Silence, is just that… silence.
This year, many Chambers took far longer to respond than in previous cycles. I also signed up to sites like The Student Room and Pupillage Pulse, a decision I seriously regret. I personally found that it only enhanced a toxic cycle checking, refreshing, comparing and
spiralling.
That cycle became unbearable. Its toxicity also seeped into my relationships where I would sit in restaurants glued to my phone and every conversation somehow circled back to applications. It was exhausting for me and everyone around me.
Until this year, I had only been rejected by silence once. It happened through a LinkedIn post congratulating successful candidates on their interview offers … I had received nothing.

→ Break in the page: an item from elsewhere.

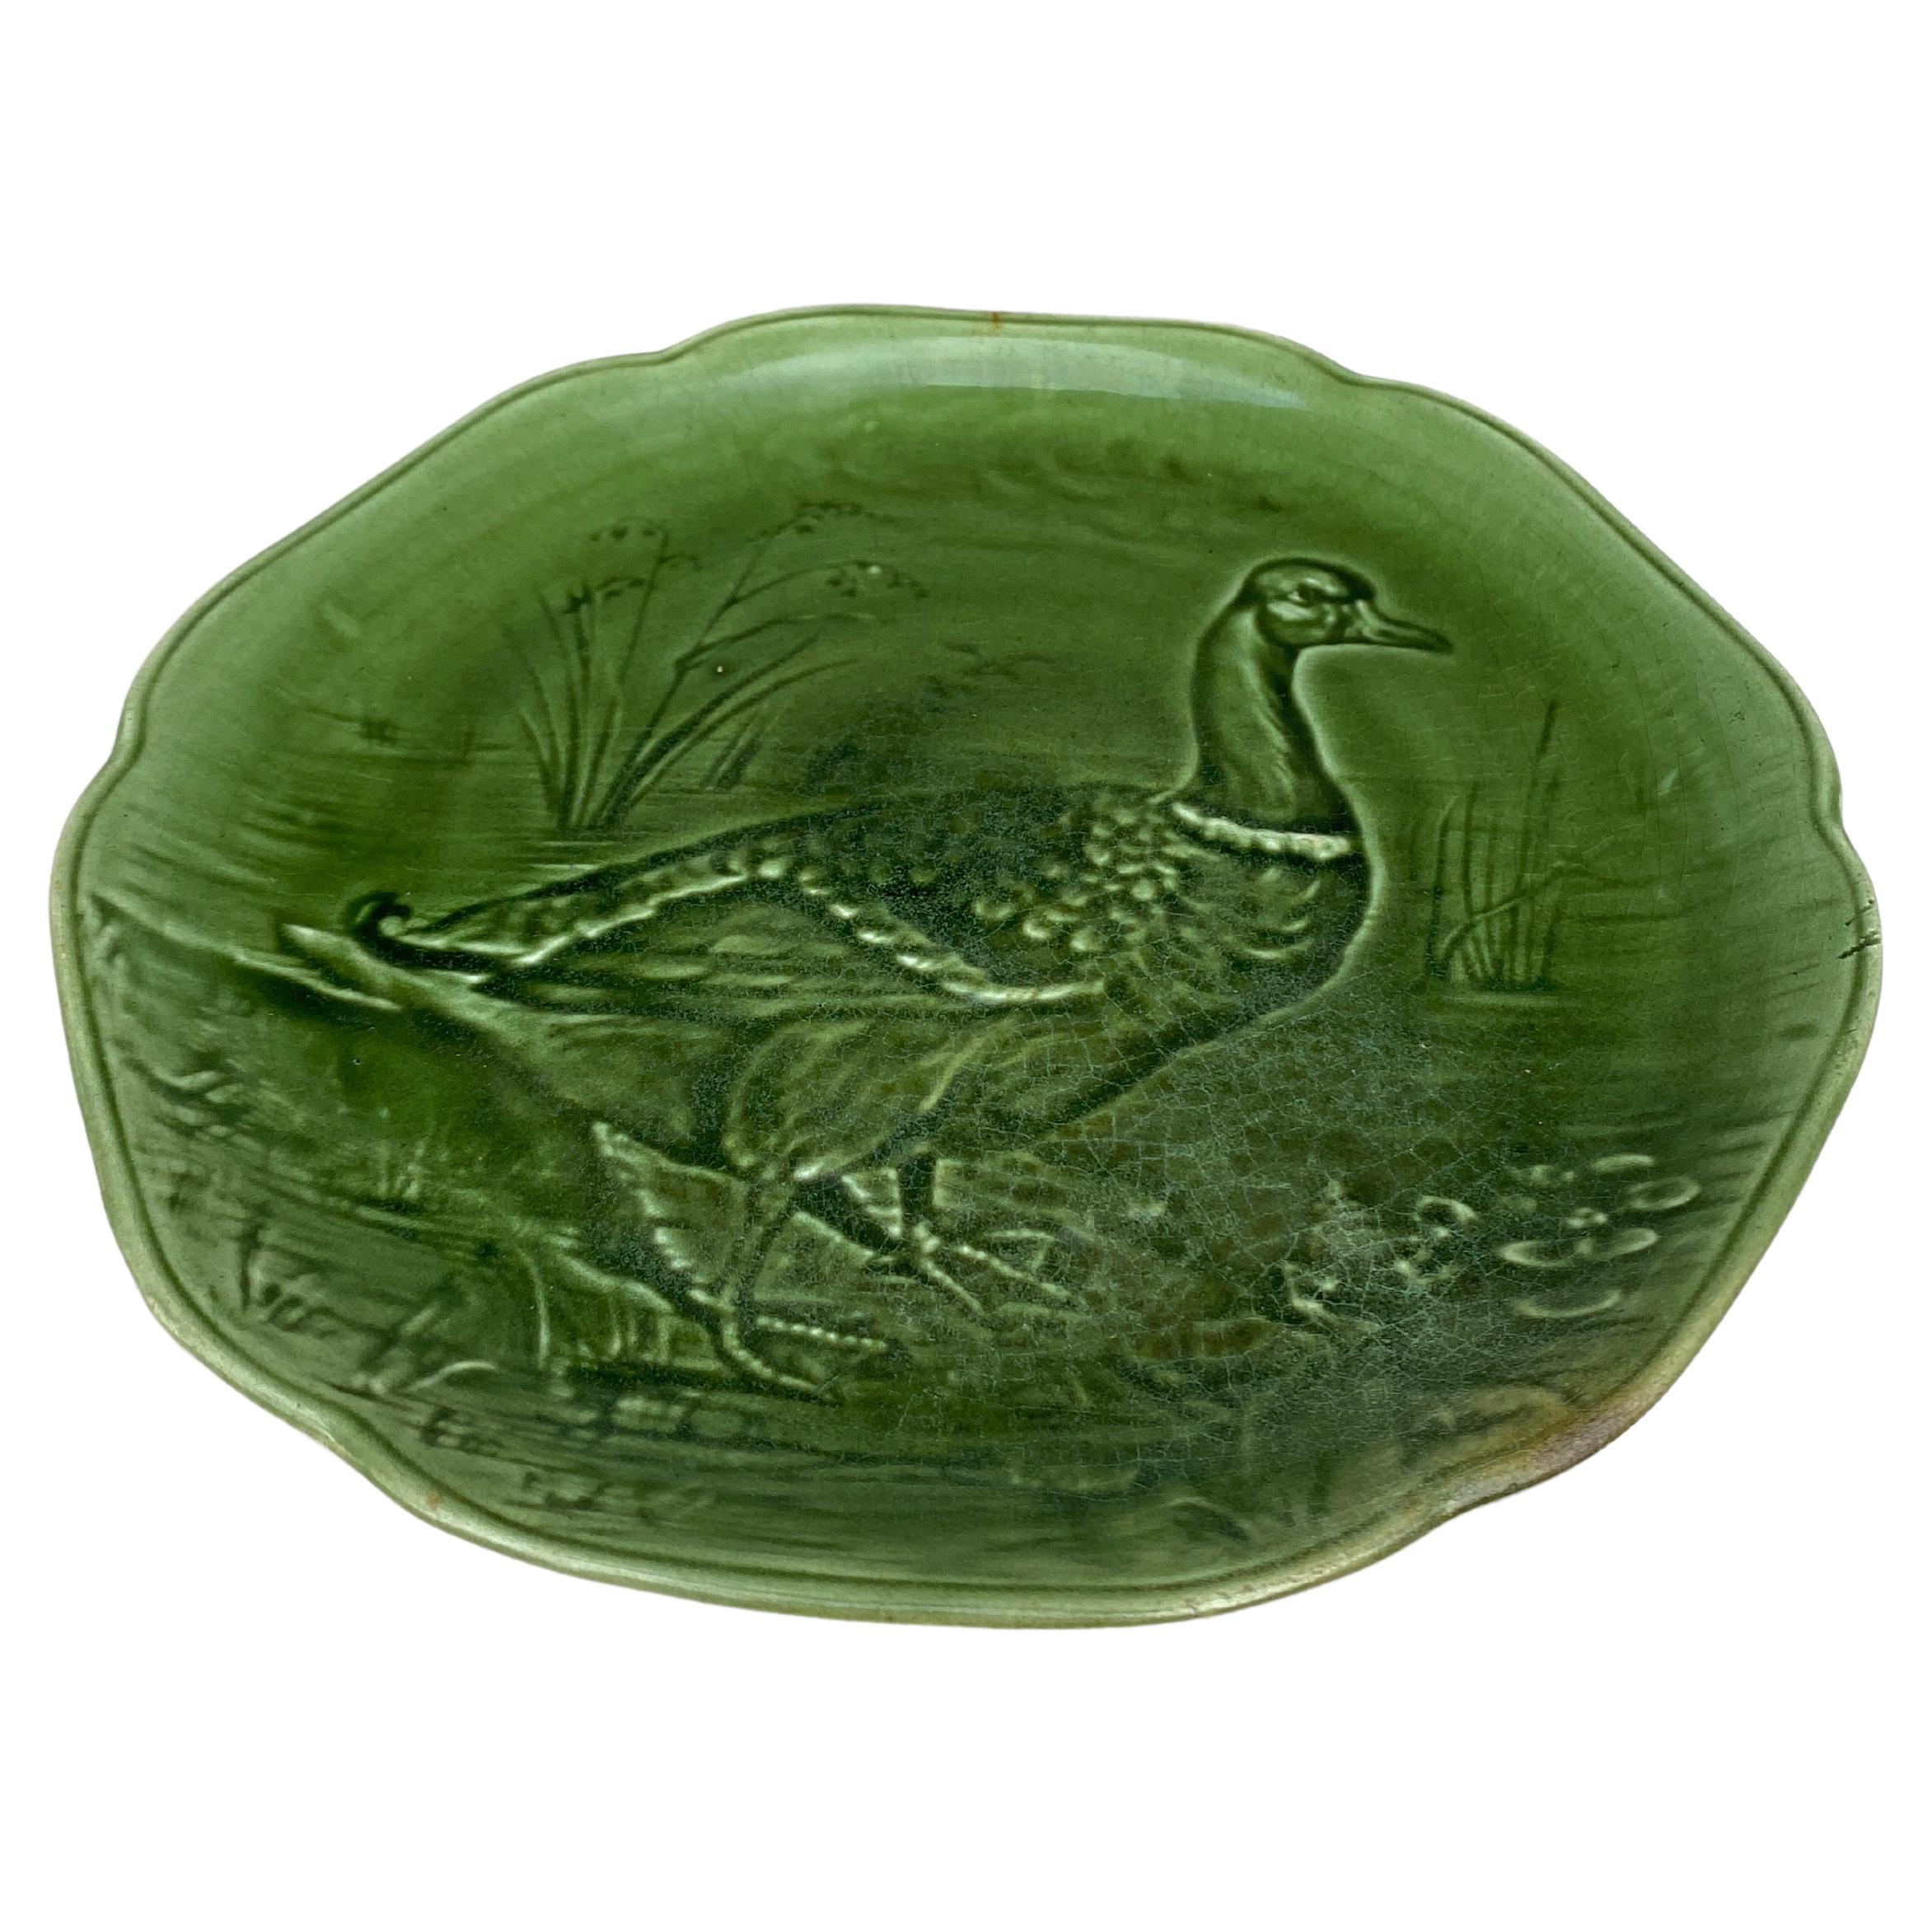 19th Century Green Majolica Mallard Duck Plate Hippolyte Boulenger Choisy le Roi, circa 1890.
The manufacture of Choisy le Roi was one of the most important manufacture at the end of 19th century, they produced very high quality ceramics of all

This year, it happened again. Only this time I had found out through others that first-round interviews had gone out and were scheduled for a Saturday. I later found out that second-round interviews had been arranged. Throughout all that time, my gateway status remained ‘in progress’. More than two weeks passed before my status changed to unsuccessful.
Being rejected by silence feels undignified. After spending hours drafting answers and giving the process everything you have, silence feels like a dismissal of the effort you put in.
What I will take forward into next year is: -
Label it
When your brain starts trying to create meaning out of silence, remain
yourself that you are trying to create meaning where there is none. Labelling it interrupts the spiral.
Contain it
I won’t tell you to stop checking, that would be hypocritical. My advice would be to create boundaries. For me going forwards, I will only check at set times than constantly refreshing.
Finding Your Life Outside of Law (Lesson Five)
One of the biggest challenges I have faced is learning how to build a life that isn’t entirely consumed by the profession. In a world where the odds are stacked against you, it is naïve to assume that you will secure pupillage immediately after qualifying.
Many imagine the path to pupillage is linear, but it isn’t. I recently went to an event where one of the speakers said something that stayed with me: ‘the best practitioners always have the messiest career paths’. As painful as it is, having a backup plan is not a sign of doubt, it is a sign of realism and resilience.
It took the passing of a close family member for me to realise just how narrow my world had become. I was the student who sacrificed everything (other opportunities, friends and missed family gatherings) because at that time, nothing mattered unless it was legal related. It automatically fell to the bottom of my priorities.
The truth is harsh: you often don’t realise what you have until it is gone.
Maintaining a sense of purpose outside of the law reminds you that your value is not defined solely by your CV. Now, I am far better at managing the boundaries. I keep a strict
separation between my home life and my work life. I have also found interests outside of the law. That doesn’t make me any less committed, it makes me more resilient, more focused and more human.